Reproduce only this stretch of the listing below: from the line with "A woman's hands" through the line with "Political rally uk/", exactly as written, with pictures excluded.

* RECORDS TO USE
● ● ●
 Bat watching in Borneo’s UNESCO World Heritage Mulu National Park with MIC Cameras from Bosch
● ● ●
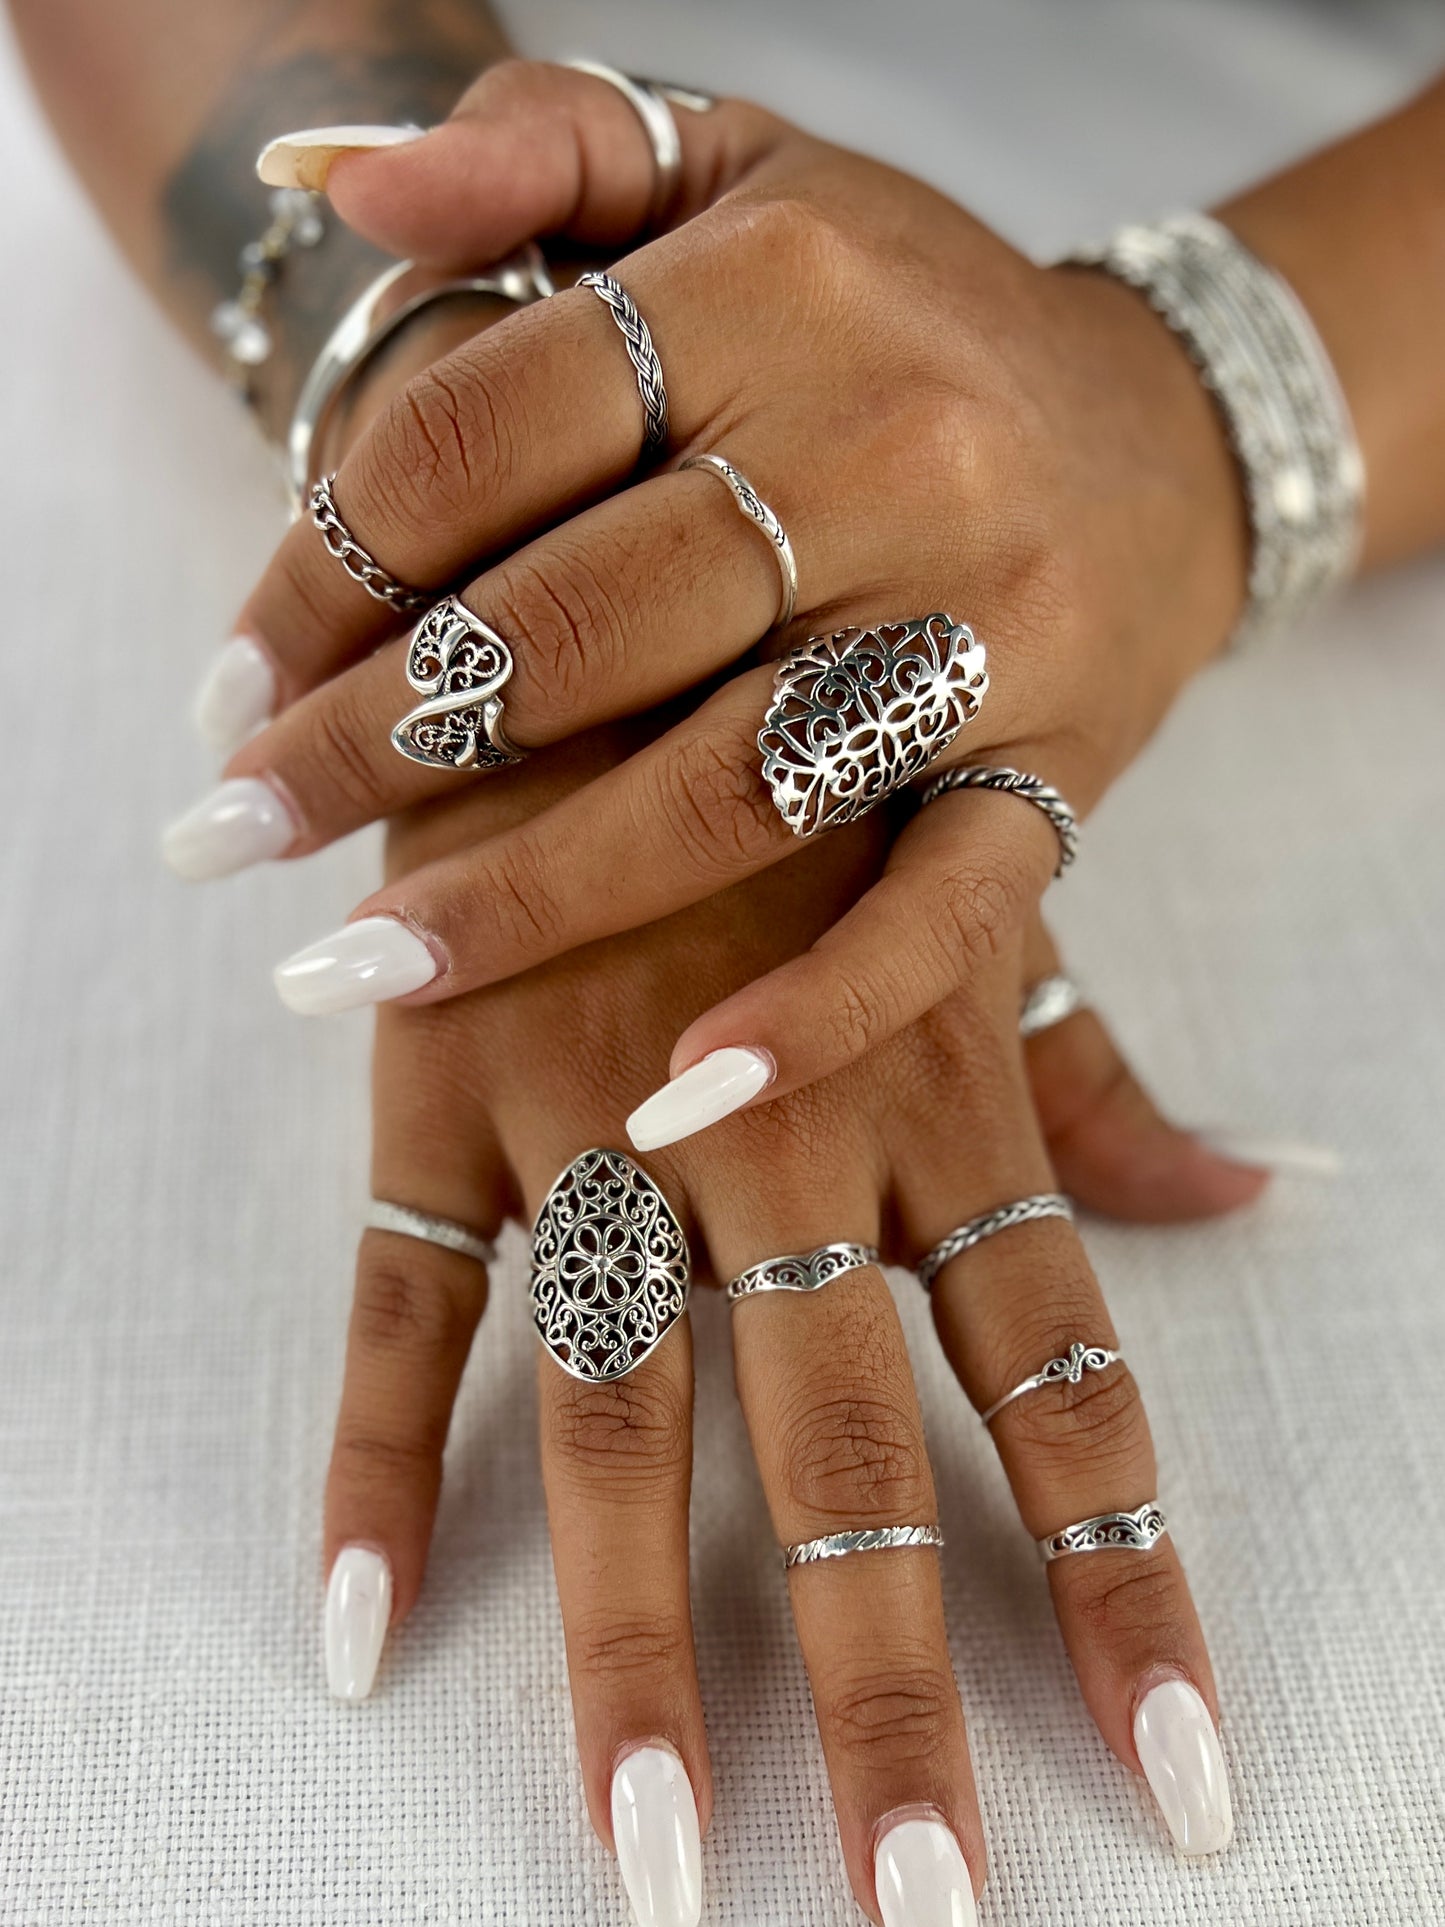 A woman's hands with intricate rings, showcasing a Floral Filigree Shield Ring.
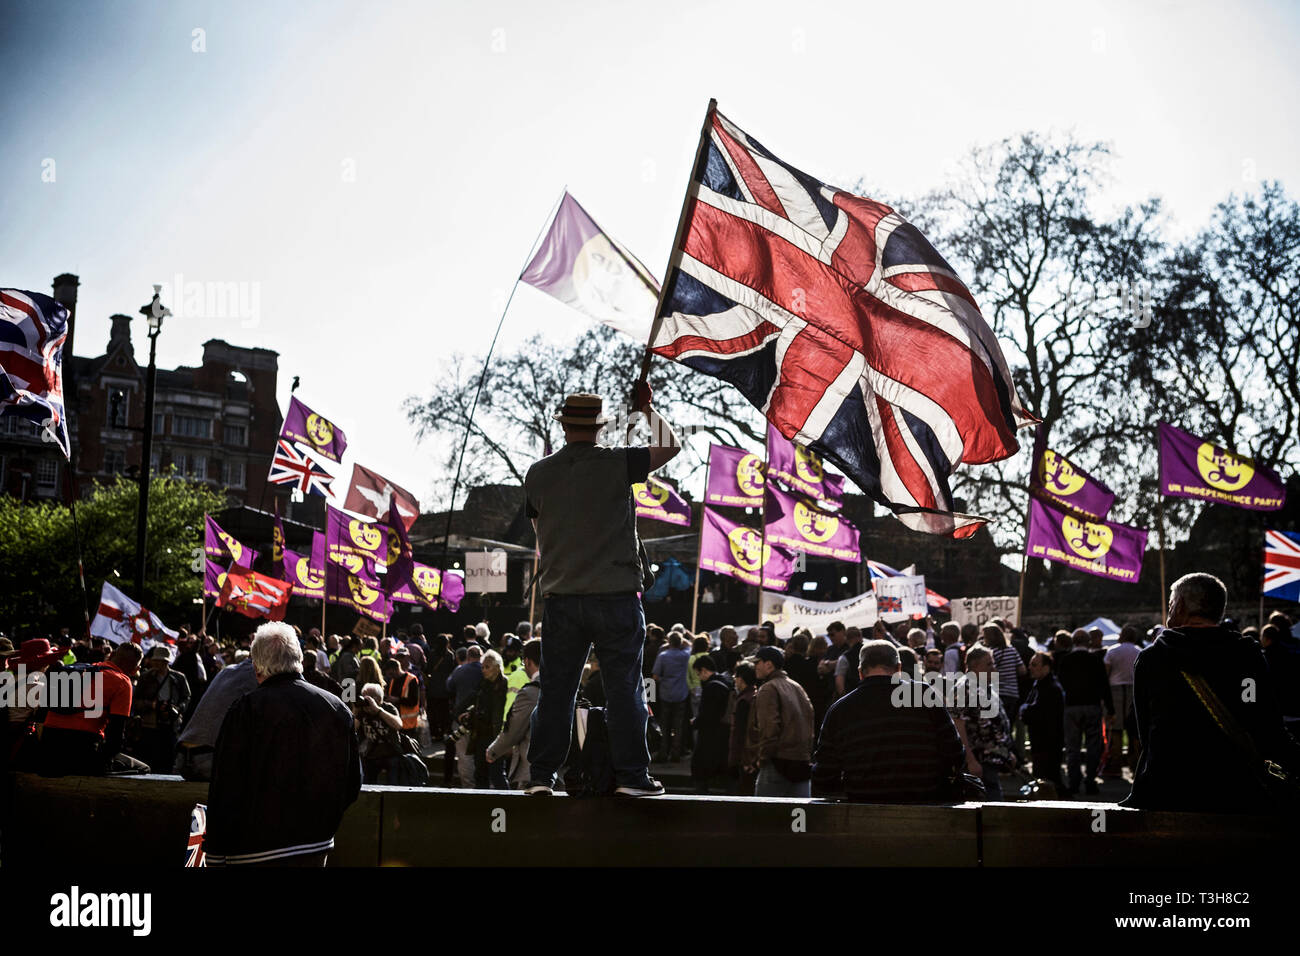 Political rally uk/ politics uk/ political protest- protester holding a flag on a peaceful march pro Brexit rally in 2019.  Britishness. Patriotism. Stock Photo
● ● ●
* OUTPUT FOR THIS EXERCISE
 A woman's hands with intricate rings, showcasing a Floral Filigree Shield Ring.
 Political rally uk/ politics uk/ political protest- protester holding a flag on a peaceful march pro Brexit rally in 2019.  Britishness. Patriotism. Stock Photo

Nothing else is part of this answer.